Yeah, probaly didnt see that because you were saying hello to randy which is ok.


----------



## R Buker (Oct 29, 2005)

Hi Guys,

John M,

If you are in an area where you killed a fox, you stand a very good chance of getting another one. The mate, breed and have babies. I'd say if one was there, there's at least one more there. Also, foxes tend to move back into an area if it's a good area. I'd try your spot again after giving it a few weeks to calm down.

Brad,

I haven't been to ND yet this year. I was thinking about coming out and shooting some roosts I'm aware of. :lol: JUST KIDDING.

I've been lurking on this board for a long, long time. I love it. After seeing my website posted I figured I'd best sign on here.

I don't typically go coyote hunting in ND until after our deer season is over. So, I should be heading out there in a just a few weeks!! Looking forward to it. I love those wide open spaces and the friendly people in ND.

Fall Guy,

I firmly believe in my thoughts on cover scents.
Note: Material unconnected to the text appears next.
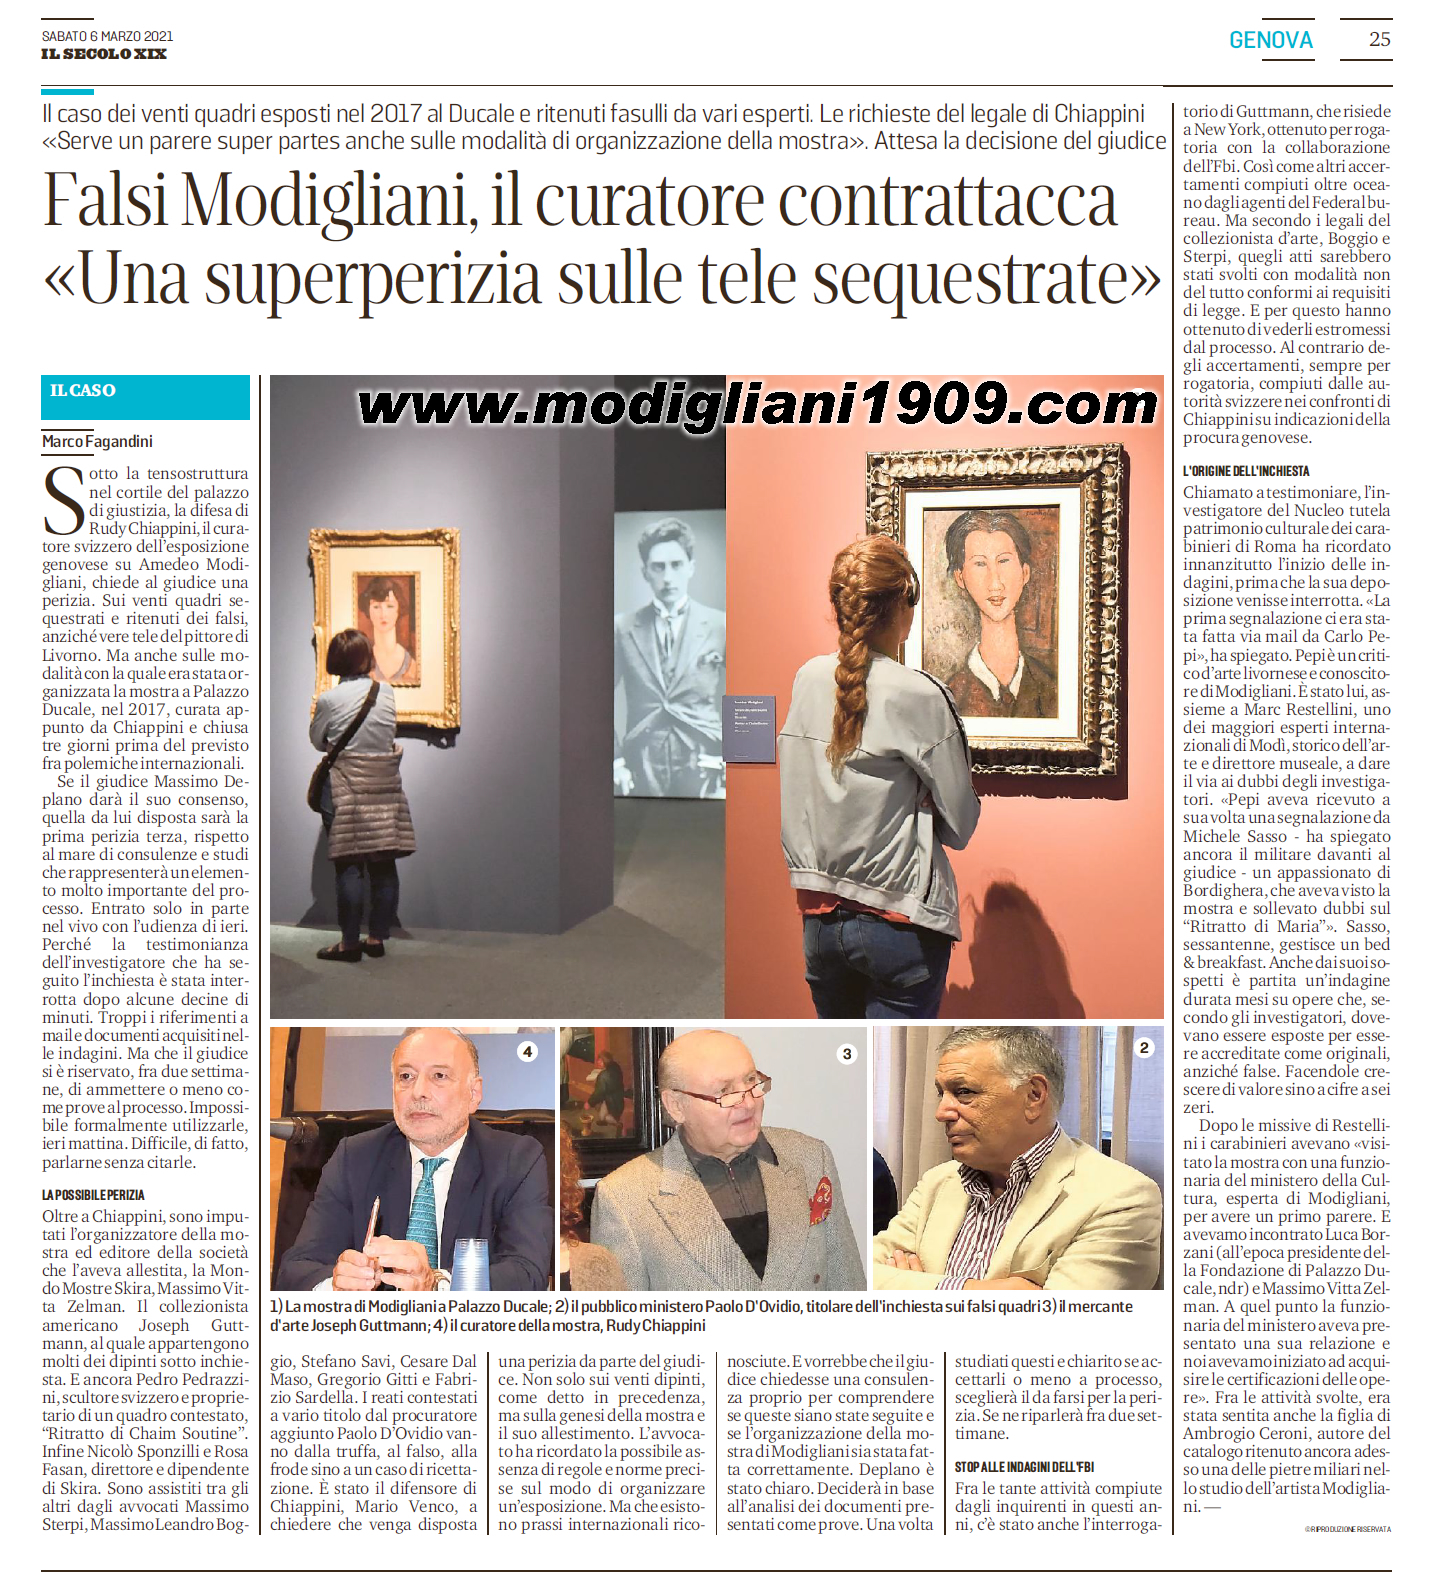 Chiappini ask «A super-expertise on the seized canvases and about the genesis of the exhibition and its set up». The Judge talks about it in two weeks

I think if a person lives and breathes by my thoughts, they'll be more successful. (That should get a few more people to look at my website.) :wink:

Later
Randy


----------



## John M (Oct 24, 2005)

Ok last question, wherever i see fox/coyote tracks would it help to like kill a couple crows or other animals and leave it there? would the fox even eat it?


----------



## R Buker (Oct 29, 2005)

They may or may not eat it. But, it's not going to help your cause.


----------



## Brad.T (Mar 29, 2004)

If you provide a food source they are going to be less likely to be hungry and willing to come to the call as easy. Keep all odds you have control over in your favor and you will have a better chance of being successful.


----------